Last year, pulp and paper manufacturer Kruger Biomaterials Inc. started up a $43.6-million, five-tonne-per-day CF demonstration plant. The federal government, through Natural Resources Canada and its Investments in Forest Industry Transformation (IFIT) program, contributed $15 million toward the facility. Kruger also received additional financial support from the Quebec government and FPInnovations, which is Canada’s wood products research institute. The production facility is located at the company’s newsprint plant in Trois Rivieres, Que., and was built in collaboration with FPInnovations, the CF production technology developer.

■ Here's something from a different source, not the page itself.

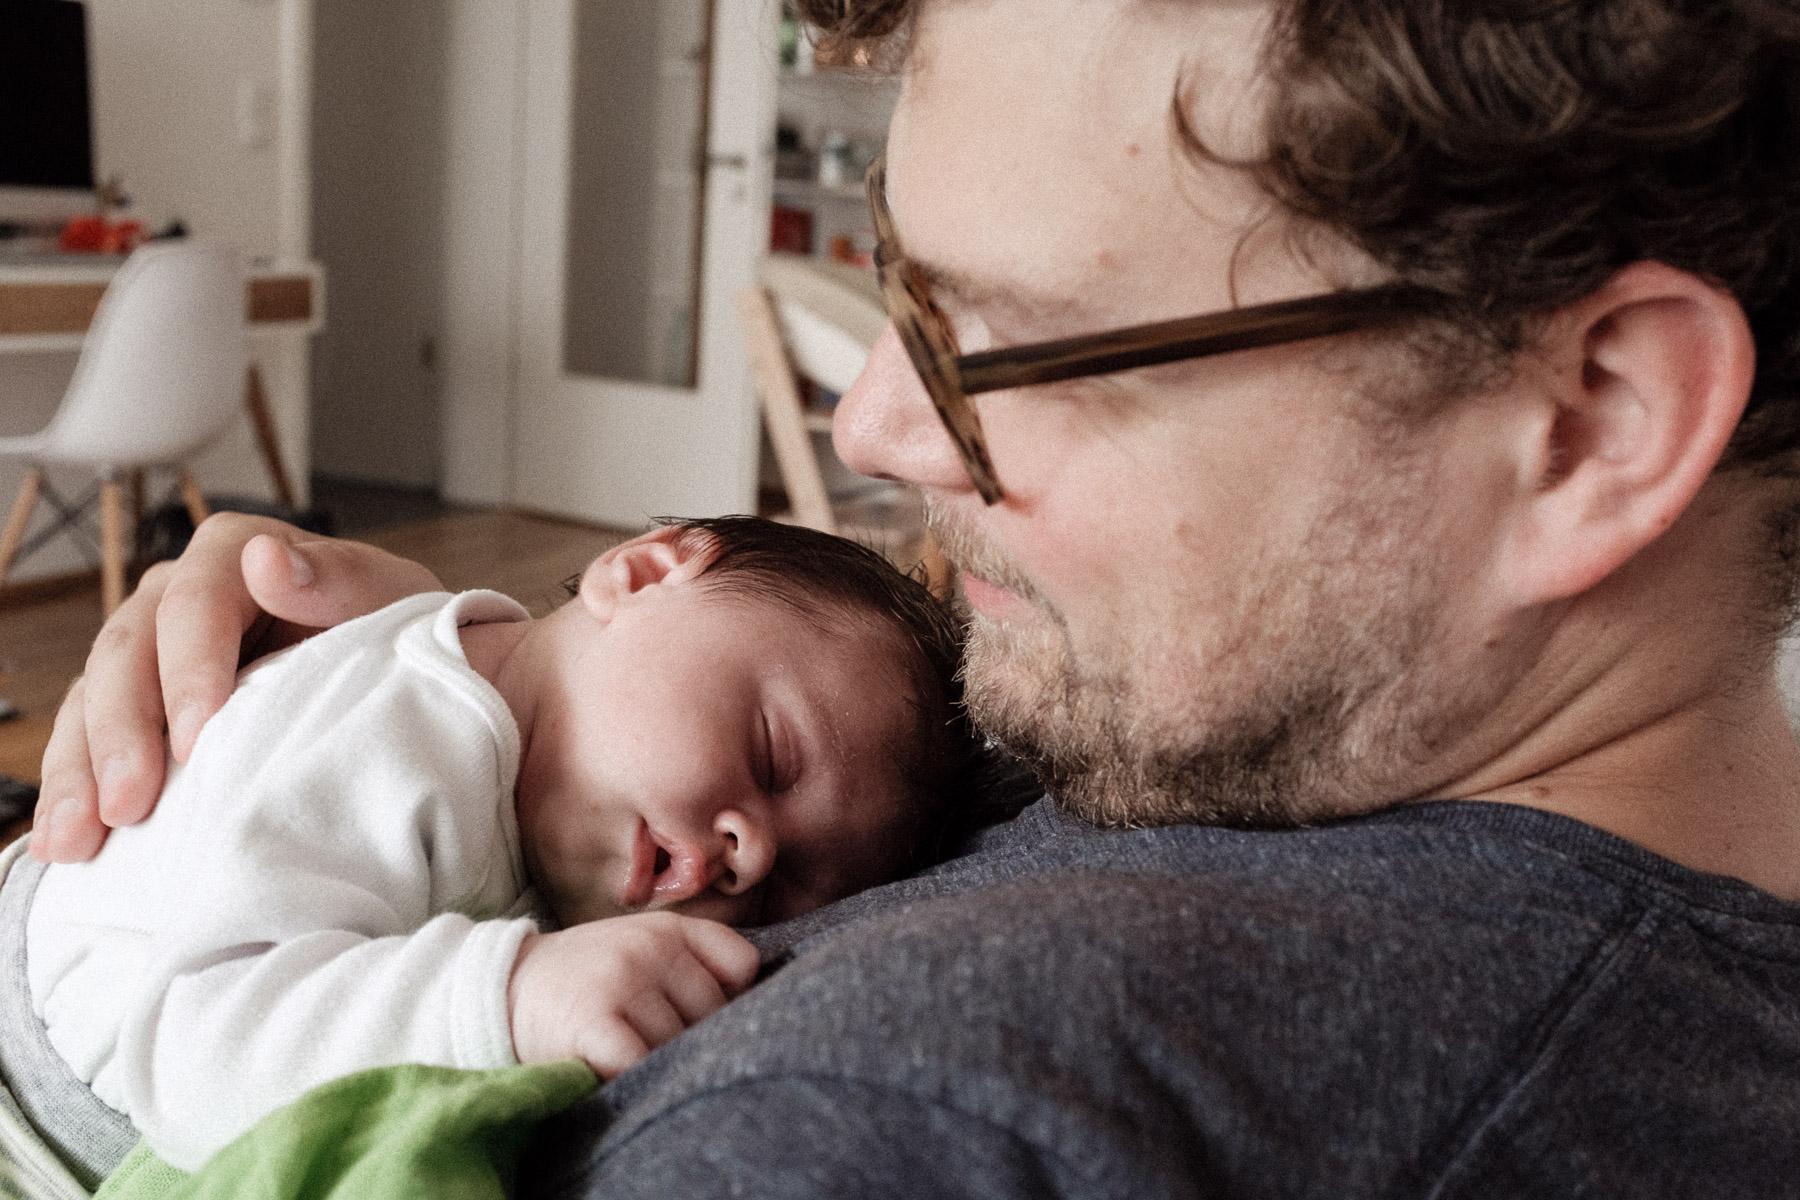 Martin_Liebl_Kein_Familienfotograf_M_Blog_14.jpg
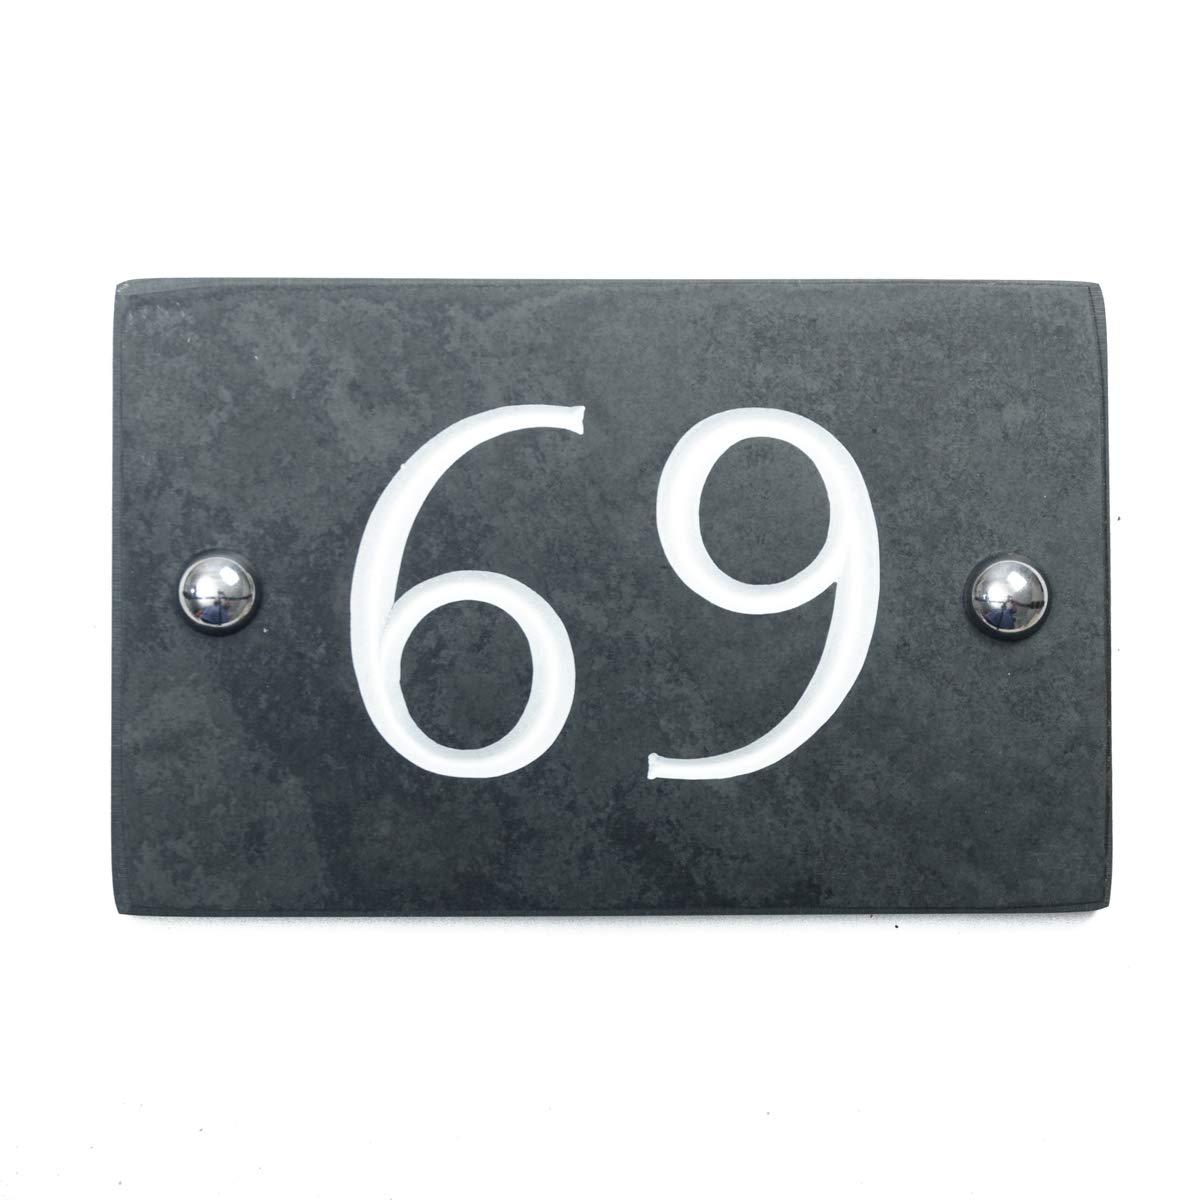 Black Slate House Number 1-99 (Number 69)

“Large-scale production is well underway and we are confident that we can continue to provide premium-quality CF, which will help develop the market and find new commercial applications for this revolutionary biomaterial,” says Daniel Archambault, executive vice-president and COO, of the industrial products division at Kruger.

Kruger isn’t the only game in town. Western Canadian pulp producer Mercer International Inc., owner of a large northern bleached softwood kraft (NBSK) pulp mill in Celgar, B.C., has engaged in a rarity in the Canadian forest industry. It has entered into a joint venture to create a company called Performance BioFilaments with Eastern Canadian pulp producer Resolute Forest Products. It intends to produce and market commercial- scale volumes of CF. This announcement came within a week of production start-up at the Kruger CF plant. At the time of this announced joint venture in 2014, Mercer was the world’s largest NBSK market pulp producer.

Performance BioFilaments managing director Gurminder Minhas says the company is looking to identify joint development partners for novel product applications of CF to create new products within a range of industries — from automotive and manufacturing to construction and high-end consumer products. “I can foresee lighterweight, more fuel-efficient vehicles, stronger more flexible building materials,and advanced composite materials in the realm of possible applications,” says Minhas. “Cellulose filaments are literally unlocking the foundation of nature’s elements to make way for significant advancements in materials development.”

The key to CF production is the patented, mechanical process developed by FPInnovations. It uses easy-to-acquire components, at a relatively low capital cost, that can be installed within existing production processes. Both Kruger, producing a CF product under the brand name of Filocell, and Performance BioFilaments use the same FPInnovations technology.

Canada is not the only country pursuing the commercialization and application of CF, with the United States, China, Finland, Brazil and Sweden also engaged in research and development. Two years ago, when the construction of the Kruger demonstration plant was announced, FPInnovations stated that Canada had a “pole position” in the advancement of economical CF production. Whether that advantage still exists is unknown given the pace and race to bring CF to market. However, it is quite an accomplishment to bring new technology for a new biomaterial from lab bench to commercialization in just five years. The R&D work is not over yet.

For example, FPInnovations recently revealed it has been able to develop an effective method to achieve maximum dispersal when incorporated as a performance enhancer, “Indeed, it was found that because of their nature, the filaments tend to stick together and therefore lose their full strengthening potential,” said the organization. “Through lab work at FPInnovations and at the Kruger pilot plant, it has developed methods that, “efficiently disperse never-dried cellulose filaments.”

FPInnovations also noted it has developed a cost-effective method to transport CF to end users that involves incorporating filaments into a carrier pulp, followed by drying the wet mixture using conventional drying equipment at the delivery point.